# publishing



## elakin (Jan 12, 2001)

a question....

i have produced a book based on my experiences in italy. 

it contains some recipes, photos i took, and journals and emails i wrote while i was living in italy. so it's part cookbook, part travellogue.

i've been exploring some of my options online for publishing.

thinking small, i'd like to have it professionally bound and assembled, if only to have myself and to give to friends.

but thinking larger, i honestly think, if it was produced in the big, glossy cookbook style, and marketed, it would have mass appeal and would sell.
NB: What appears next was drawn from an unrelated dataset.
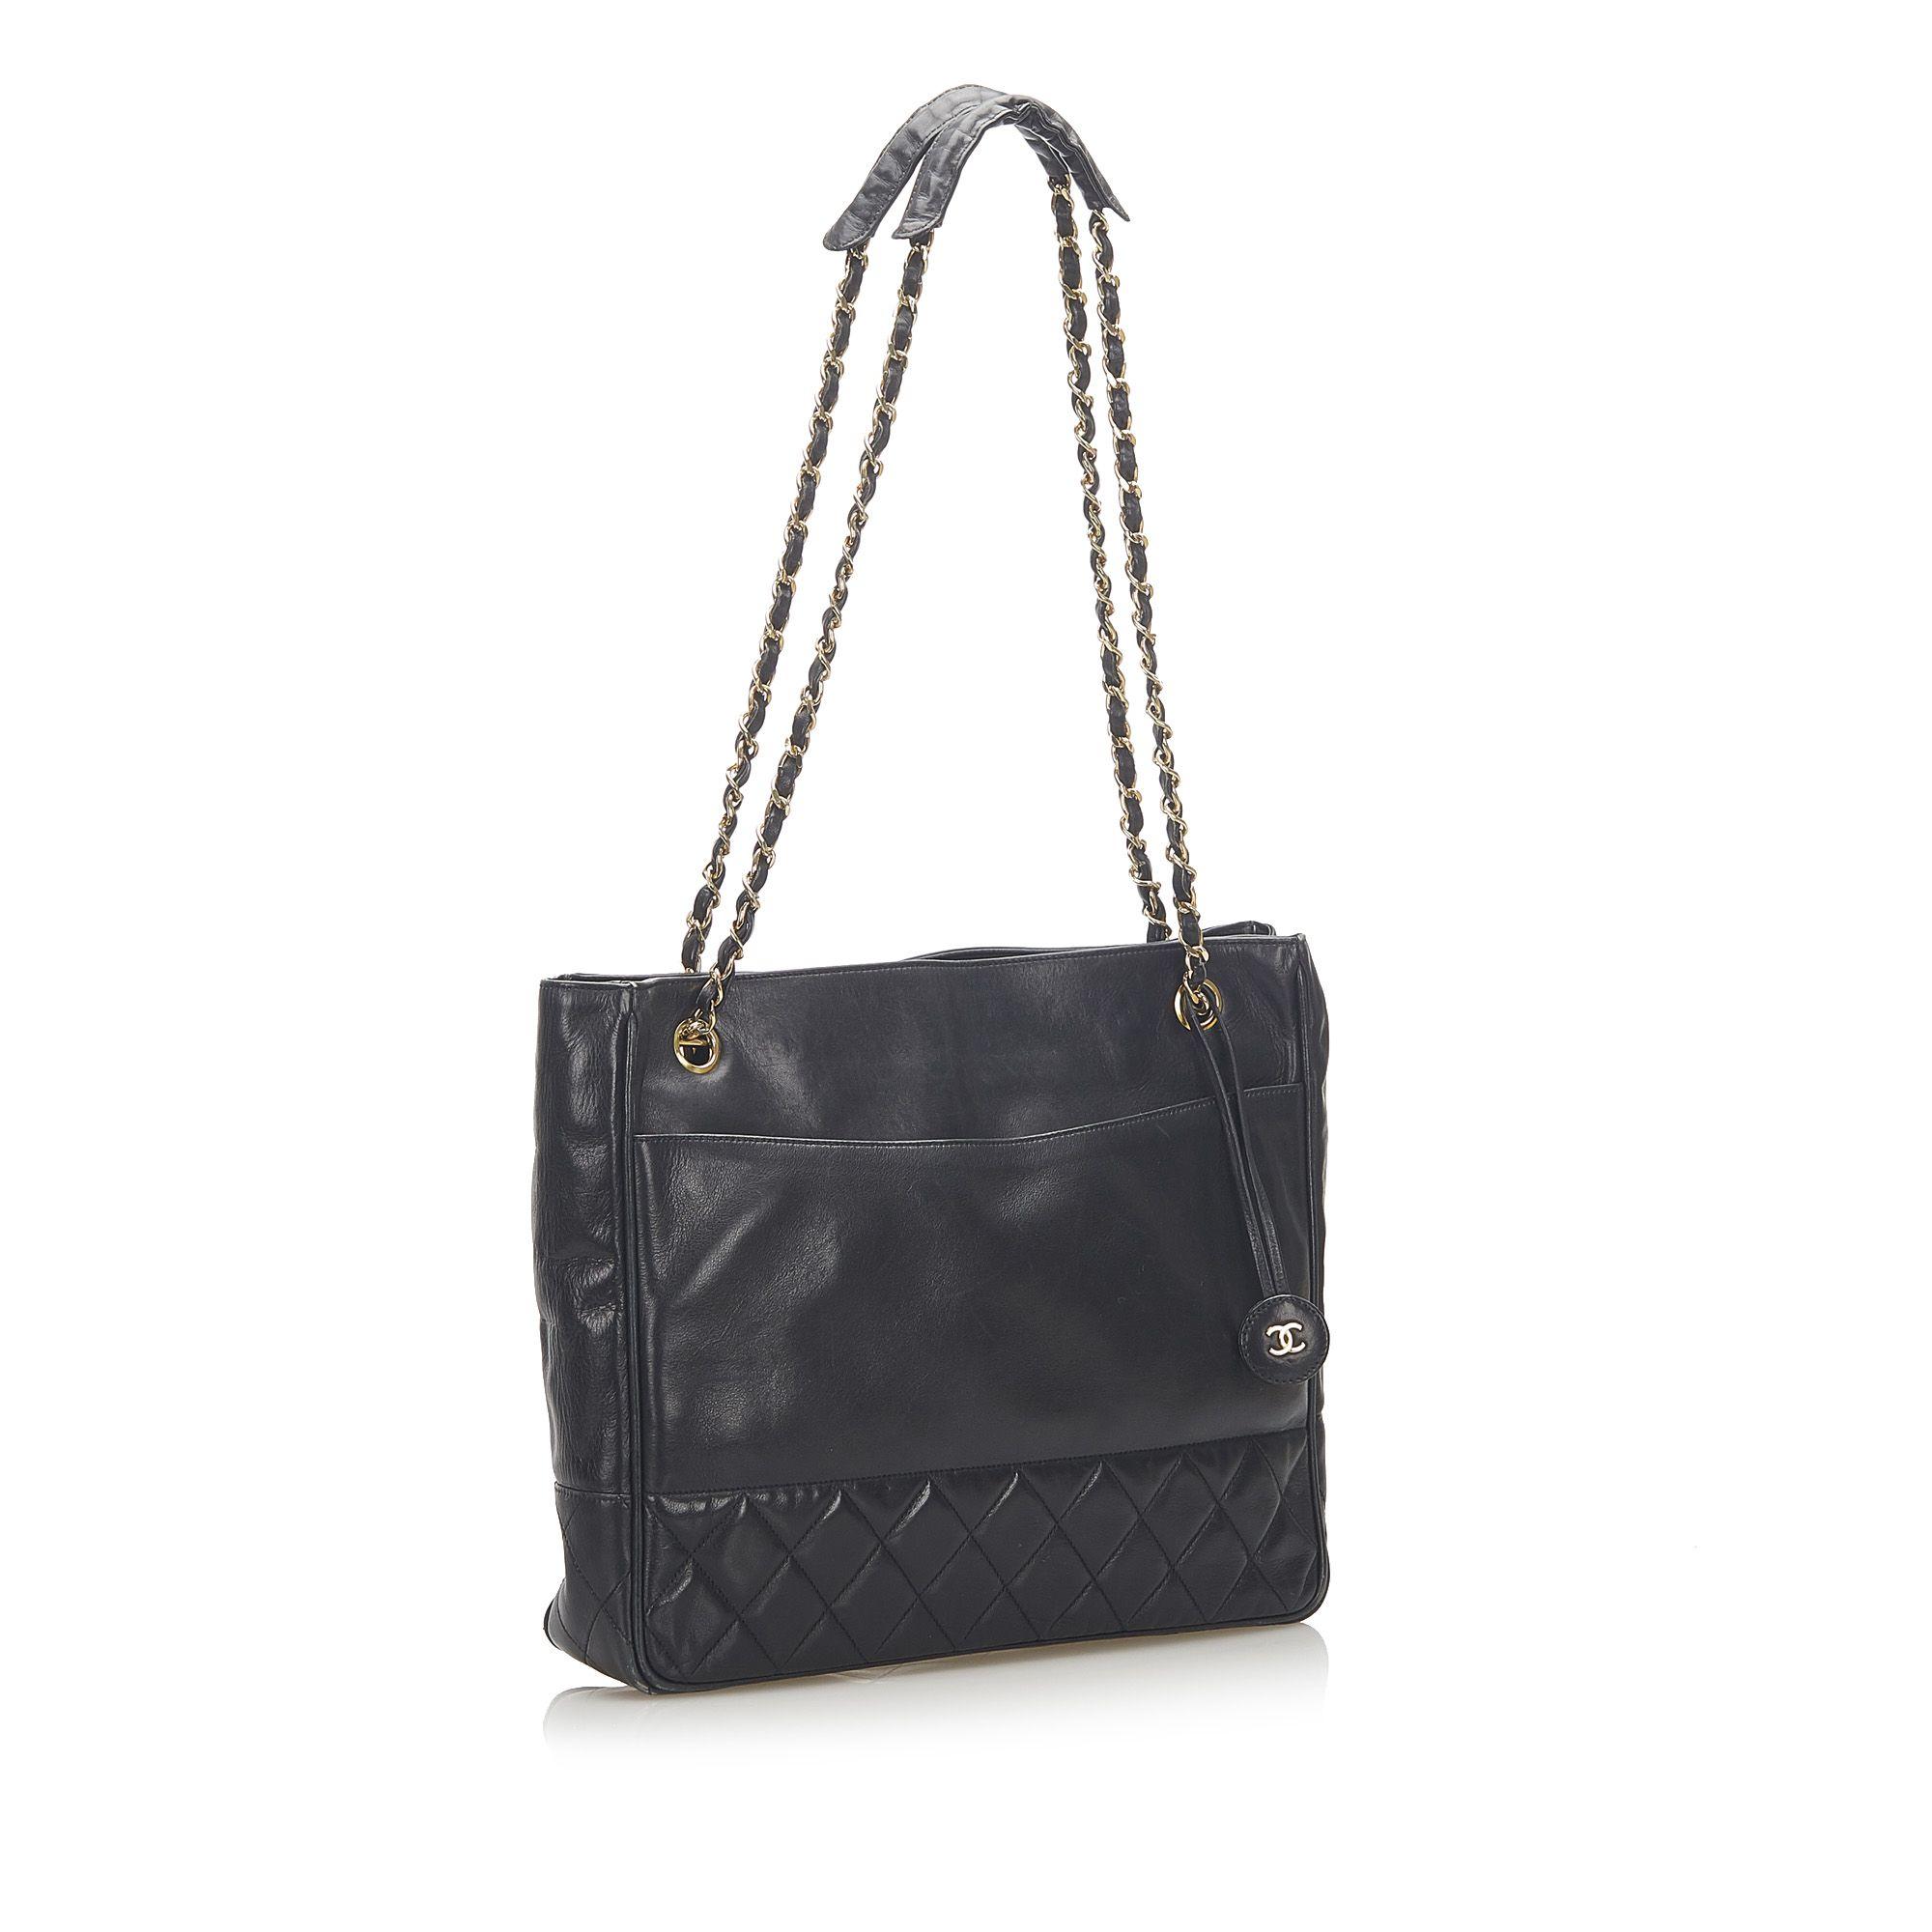 Vintage Chanel Matelasse Lambskin Leather Shoulder Bag Black

anyone have any advice or contacts for me to pursue? 

thanks in advance...


----------



## kimmie (Mar 13, 2001)

Elakin,

I read your journal fervently as you would post it. So, whenever you publish your travellogue/recipe book, I definitely want a copy.

That's at least 1 sale! :bounce: 

Good luck to you!


----------



## athenaeus (Jul 24, 2001)

I do not have a publishing experience that has to do with the Culinary Arts.

I have though for History and in UK now I am having some in the US but believe me, the university publishers in US are very tough negociators.
Anyway, according to my experience , what is more important in books is not the glossy edition but the distribution and above all, Public Relations...

Please be very carefull to whom you give your scripts... never leave the whole stuff to the editor's office. Leave him a PHOTO COPY .
You wouldn't want to see it published with another name signing it.
Be very but VERY carefull with friends also.

I have seen terrible things happening with books and scripts.

I wish you every luck and remember that having done this work for your own pleasure doesn't mean that you have no right to gain money from this.

There is an old saying that people appreciate only something that they have paid for it...

Keep us posted. I 'd love to buy this book!!


----------



## cape chef (Jul 31, 2000)

Dear Eddie,

This is good timing because some of us were discussing putting together a "cheftalk" cook book. There were a couple people with some background on the subject.

I know Athenaeus to be very wise, so I would follow her advice.

I have read every word you posted for us to read and I would be sad to see it misused. But anyway....I would be one of the first in line to buy your book.

Good luck my friend,and as always it's nice to see you.
cc

PS..Have you found a job yet in the windy city?


----------